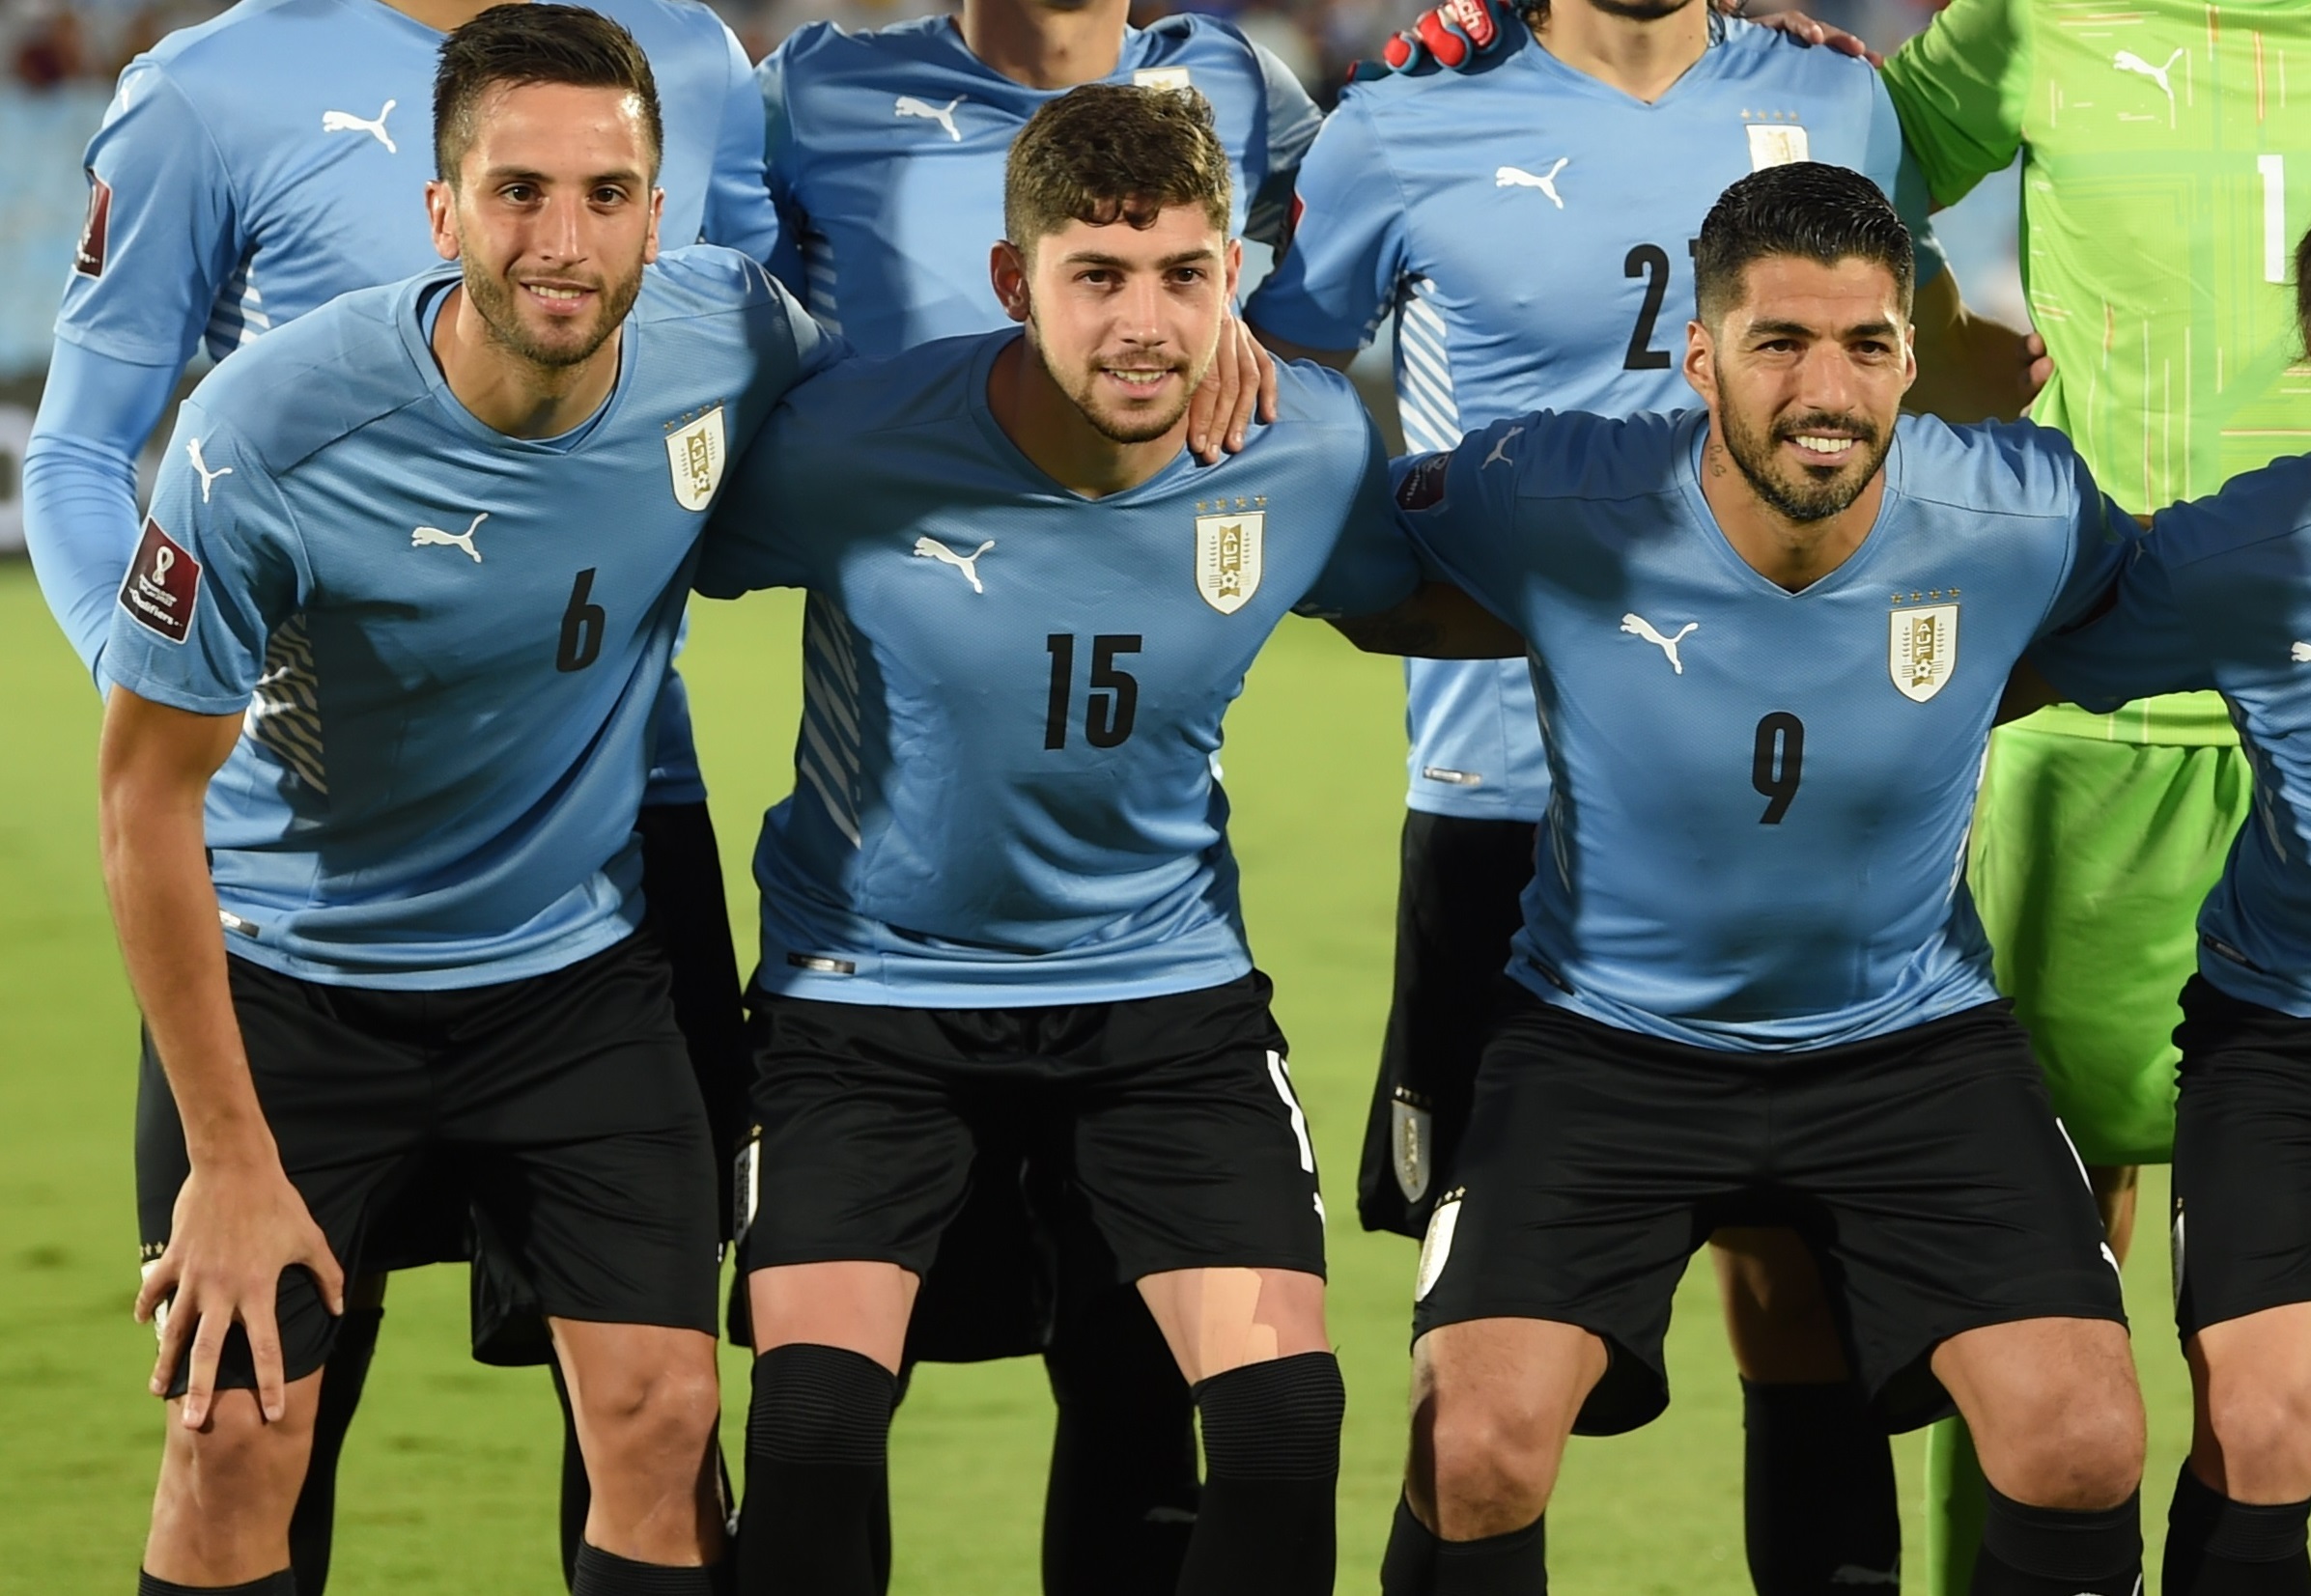 El fútbol uruguayo entre los más exportadores del mundo, según
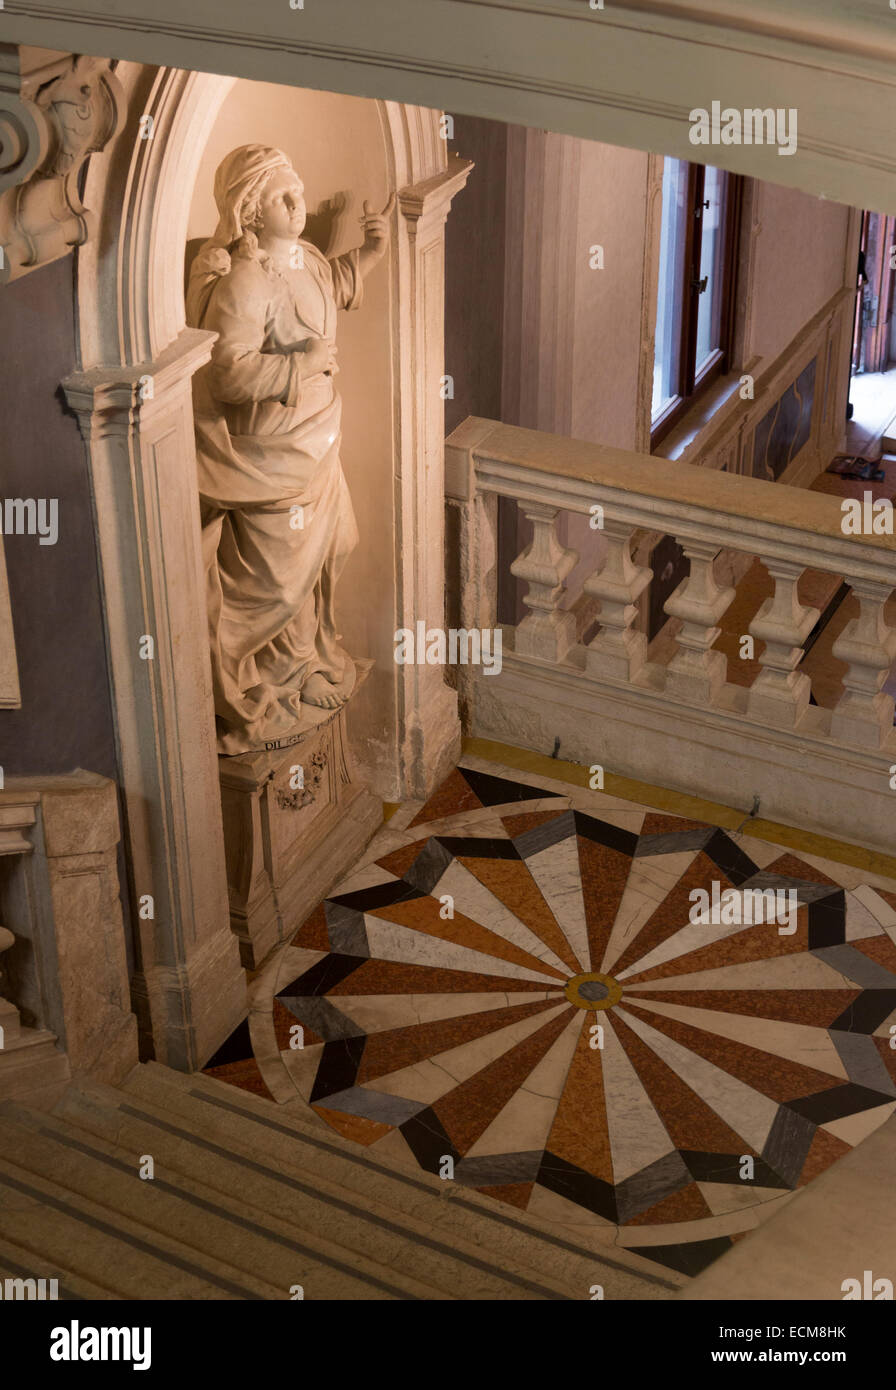 Escalier avec pavage de marbre et statue, Gallerie dell'Accademia, Venise, Italie Banque D'Images
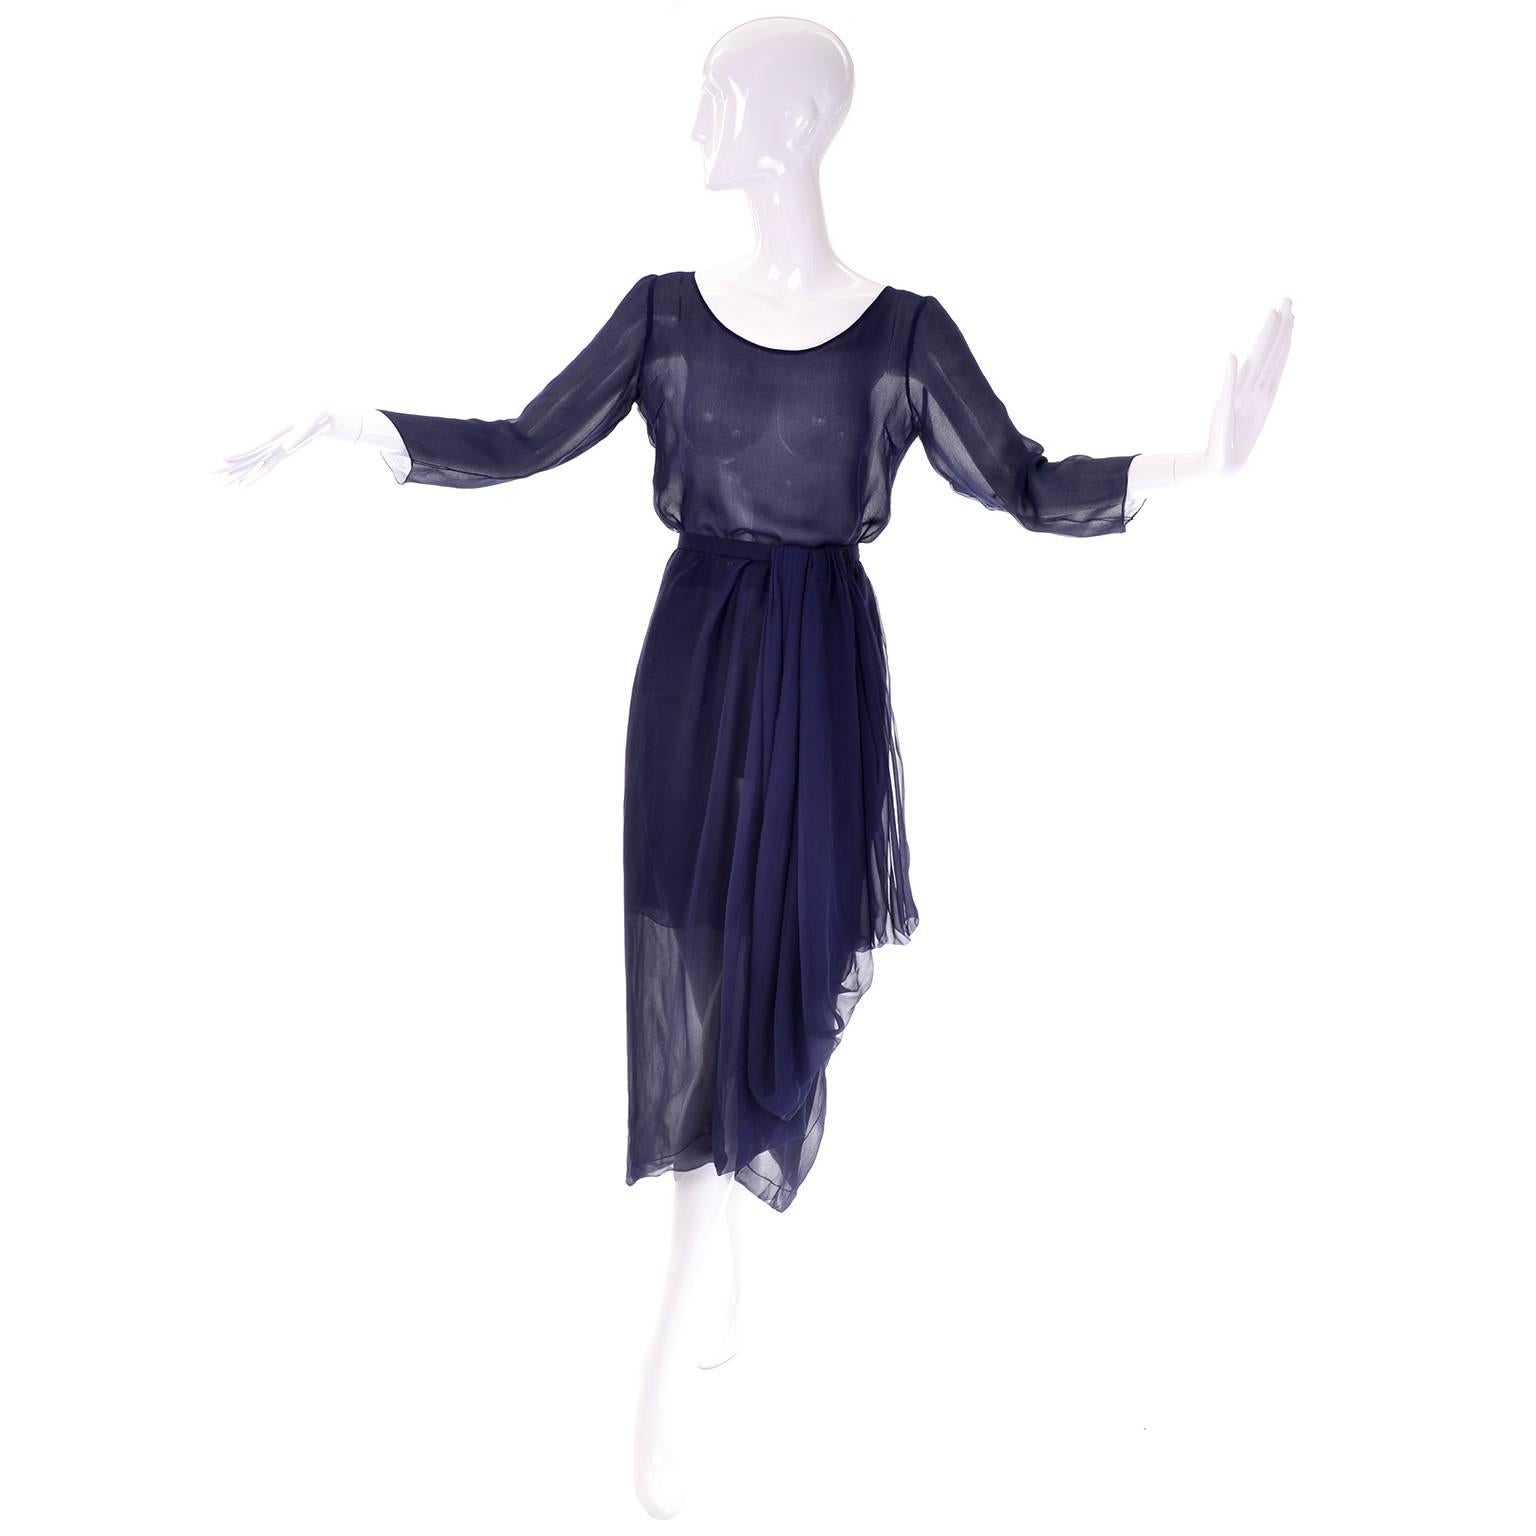 Voici une exquise robe de soirée haute couture vintage 2 pièces en mousseline de soie 100% bleu marine de Christian Dior Paris. Cet ensemble incroyable comprend un chemisier de style tunique et une magnifique jupe asymétrique drapée. Portée

### Task requirements
All lines from the one that contains "Escalier avec pavage" through the last line of the data should be retyped exactly, with the pictures left out.

### Written answer
 Escalier avec pavage de marbre et statue, Gallerie dell'Accademia, Venise, Italie Banque D'Images
 Voici une exquise robe de soirée haute couture vintage 2 pièces en mousseline de soie 100% bleu marine de Christian Dior Paris. Cet ensemble incroyable comprend un chemisier de style tunique et une magnifique jupe asymétrique drapée. Portée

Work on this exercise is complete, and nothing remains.